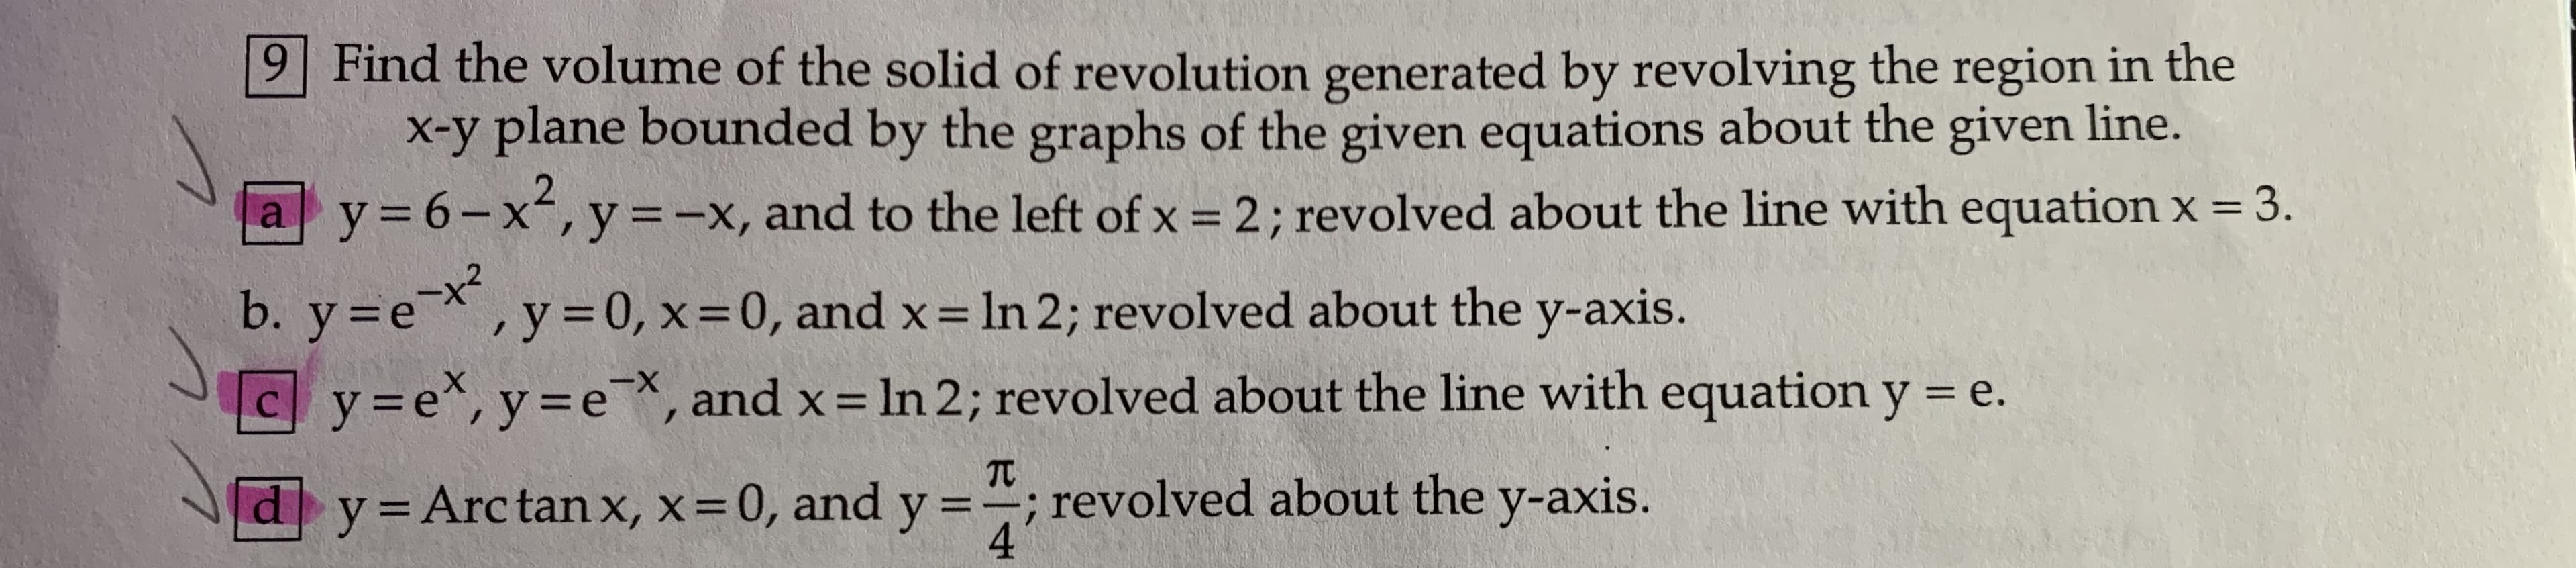 9 Find the volume of the solid of revolution generated by revolving the region in the
x-y plane bounded by the graphs of the given equations about the given line.
a y= 6-x², y=-x, and to the left of x = 2; revolved about the line with equation x = 3.
%3D
b. y=e,y=0, x=0, and x = In 2; revolved about the y-axis.
Cy3e*, y=e*, and x= In 2; revolved about the line with equation y = e.
X-
%3D
TC
y=Arctan x, x=0, and y ="; revolved about the y-axis.
4
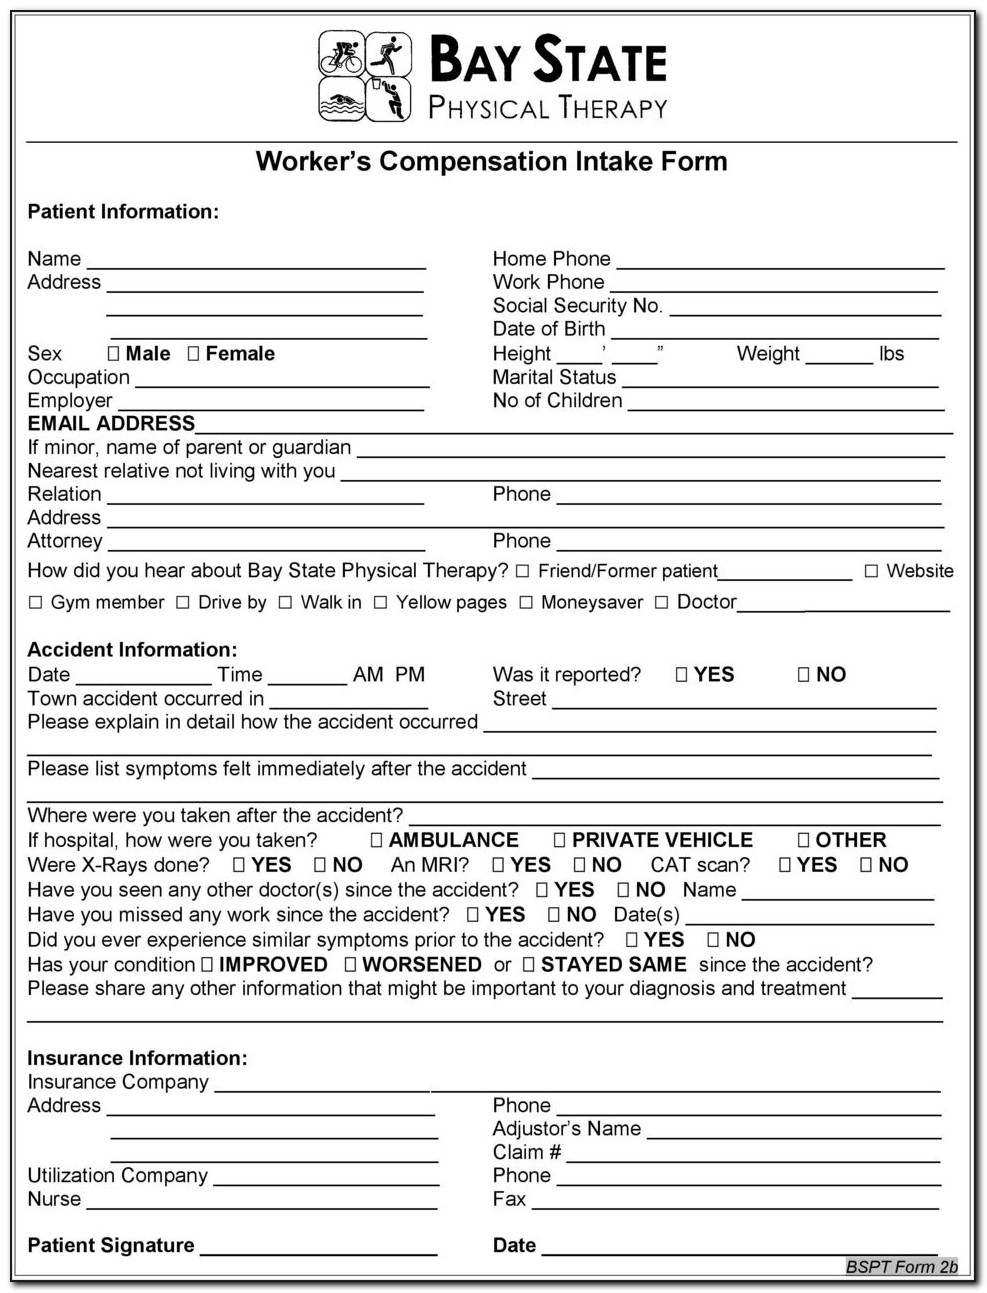 Sedgwick Workers Compensation Standard Intake Form
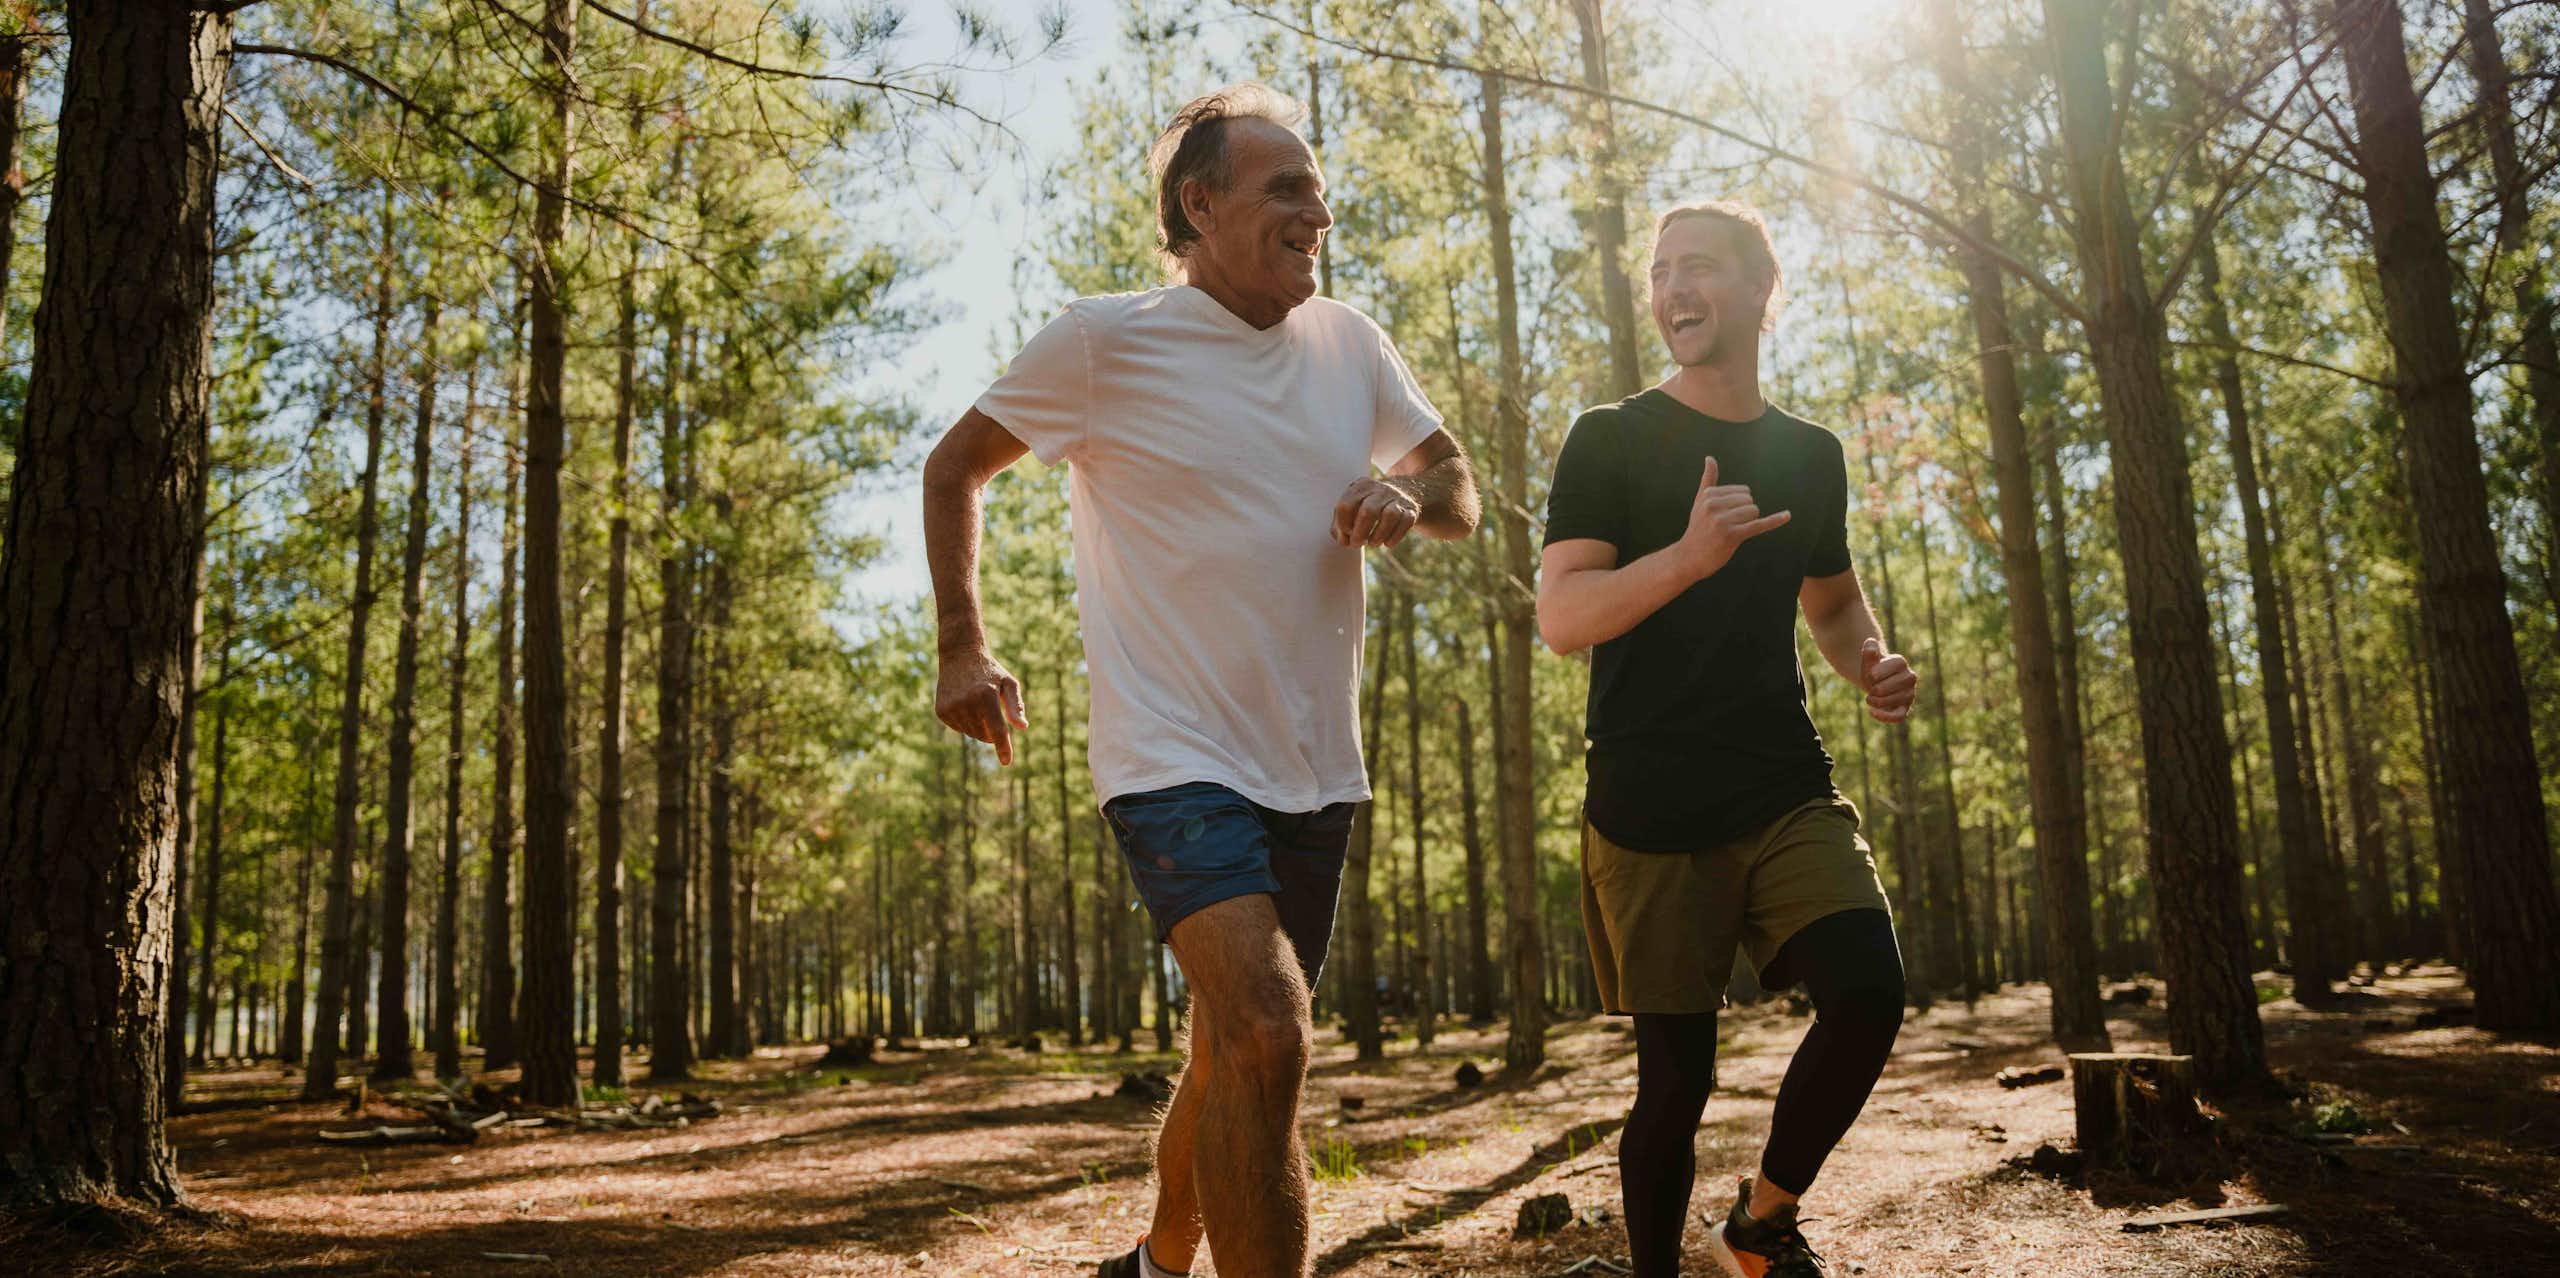 An older man and a younger man jogging happily in bushland.

### WORK ORDER
Out of the records, collect only those lines that contain the string "revolved".

### ANSWER
a y= 6-x², y=-x, and to the left of x = 2; revolved about the line with equation x = 3.
b. y=e,y=0, x=0, and x = In 2; revolved about the y-axis.
Cy3e*, y=e*, and x= In 2; revolved about the line with equation y = e.
y=Arctan x, x=0, and y ="; revolved about the y-axis.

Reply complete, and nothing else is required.